There was no claim of responsibility, but blame immediately fell on the radical Muslim sect known as Boko Haram, which has staged targeted assassinations and bombings around Nigeria's north.

The attacks centered around Damaturu, the capital of Yobe state, Nigerian Red Cross official Ibrahim Bulama said.

The attack started on Friday with a car bomb exploding outside a three-story building used as a military office and barracks in the city, with many uniformed security agents dying in the blast, Bulama said.

Gunmen then went through the town, blowing up a First Bank PLC branch and attacking at least three police stations and some churches, leaving them in rubble, he said.

Gunfire continued through the night and gunmen raided the village of Potiskum near the capital as well, witnesses said, leaving at least two people dead there.

On Saturday morning, people began hesitantly leaving their homes, seeing the destruction left behind, including military and police vehicles burned by the gunmen, with the burned corpses of the drivers who died in their seats.

Bulama spoke to The Associated Press by telephone Saturday morning from a common Muslim burial ground in the city as his family buried a relative and friend, a police officer who died after suffering a gunshot wound to the head in the fighting.

"There's that fear that something might possibly happen again," he said.

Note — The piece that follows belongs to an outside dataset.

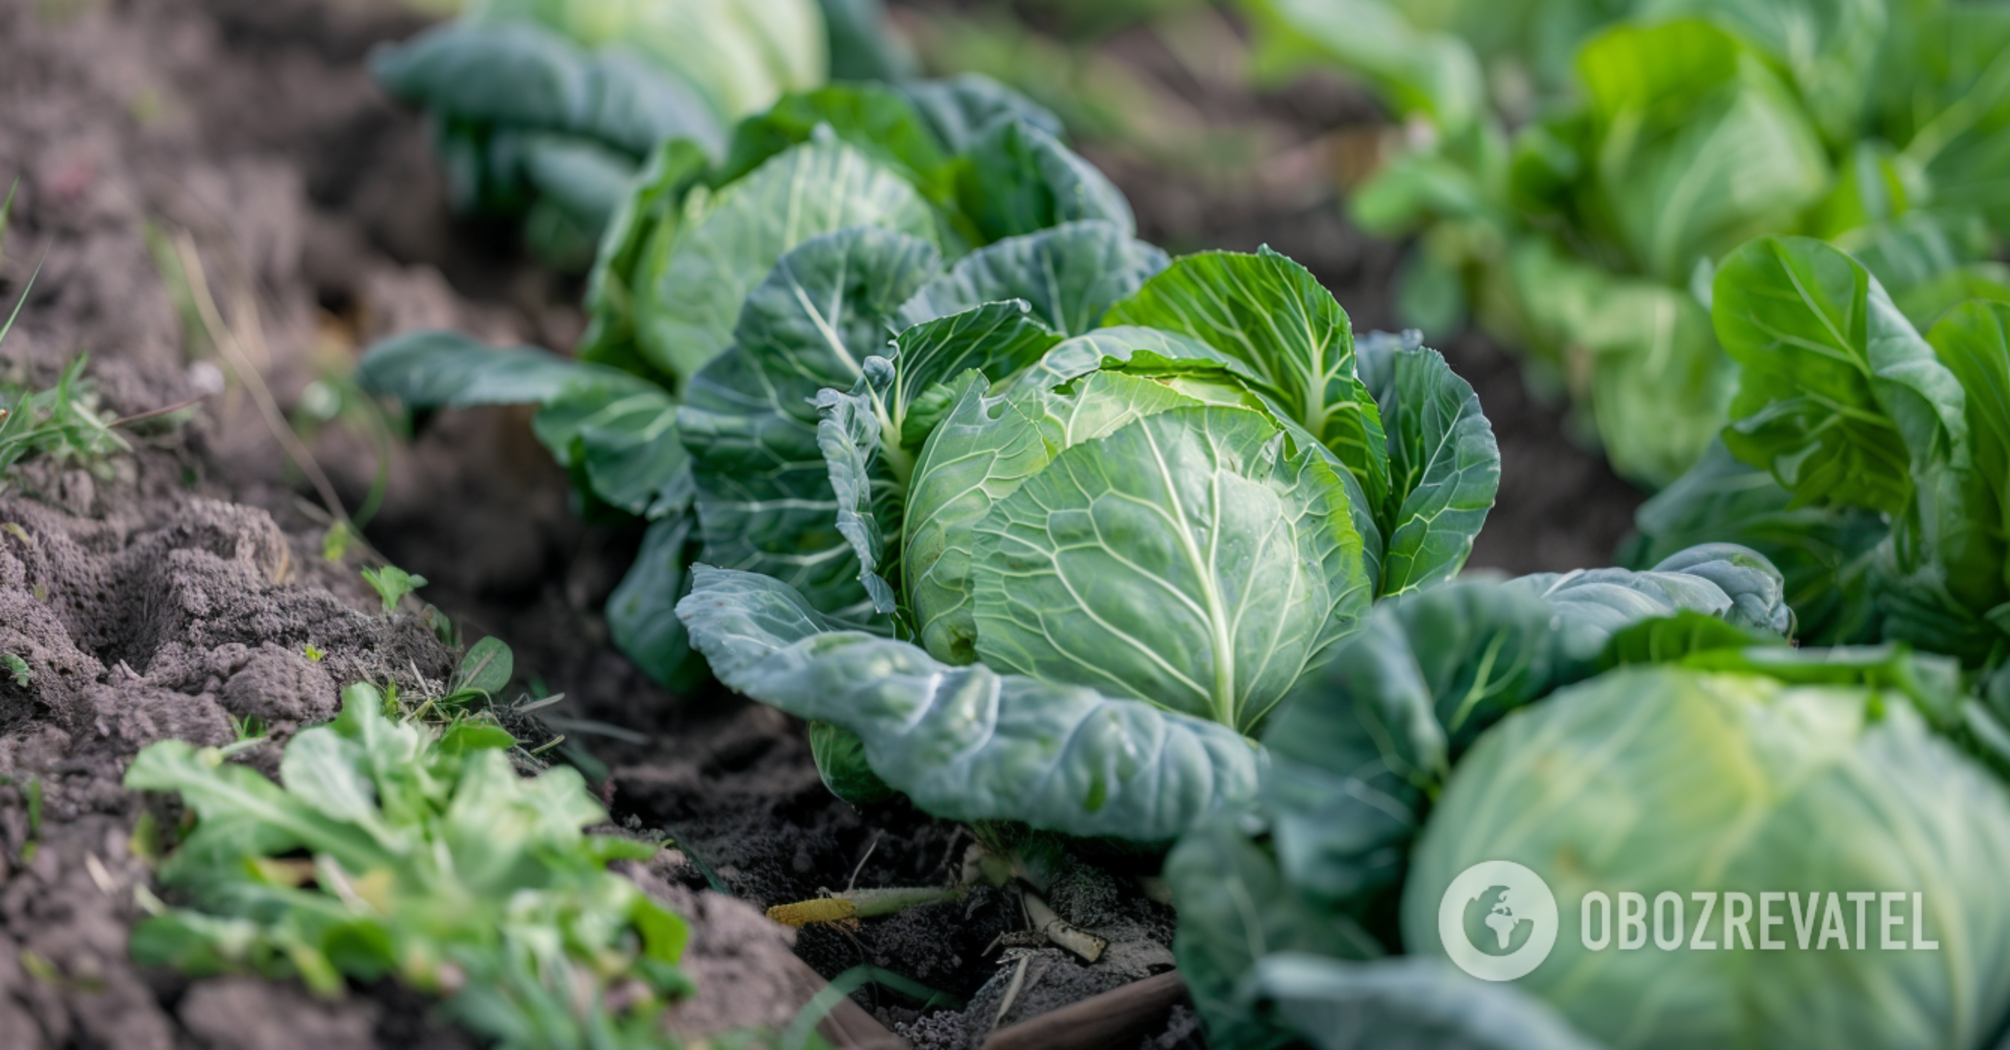 How to save the cabbage crop: an ash and soap solution will protect against pests

State government officials did not respond to repeated requests for comment Saturday morning.

The attacks around Damaturu came after four separate bombings struck Maiduguri, about 80 miles (130 kilometers) east.

One blast detonated around noon outside the El-Kanemi Theological College where parents had gathered. Police said others had entered the college grounds to attend Friday prayers at a mosque located on its campus.

Witnesses who spoke to the AP said they saw ambulances carry away at least six wounded people from the site.

Another bombing alongside a road in Maiduguri killed four people, local police commissioner Simeon Midenda said.

A short time later, suicide bombers driving a black SUV attempted to enter a base for the military unit charged with protecting the city from Boko Haram fighters, military spokesman Lt. Col. Hassan Ifijeh Mohammed said.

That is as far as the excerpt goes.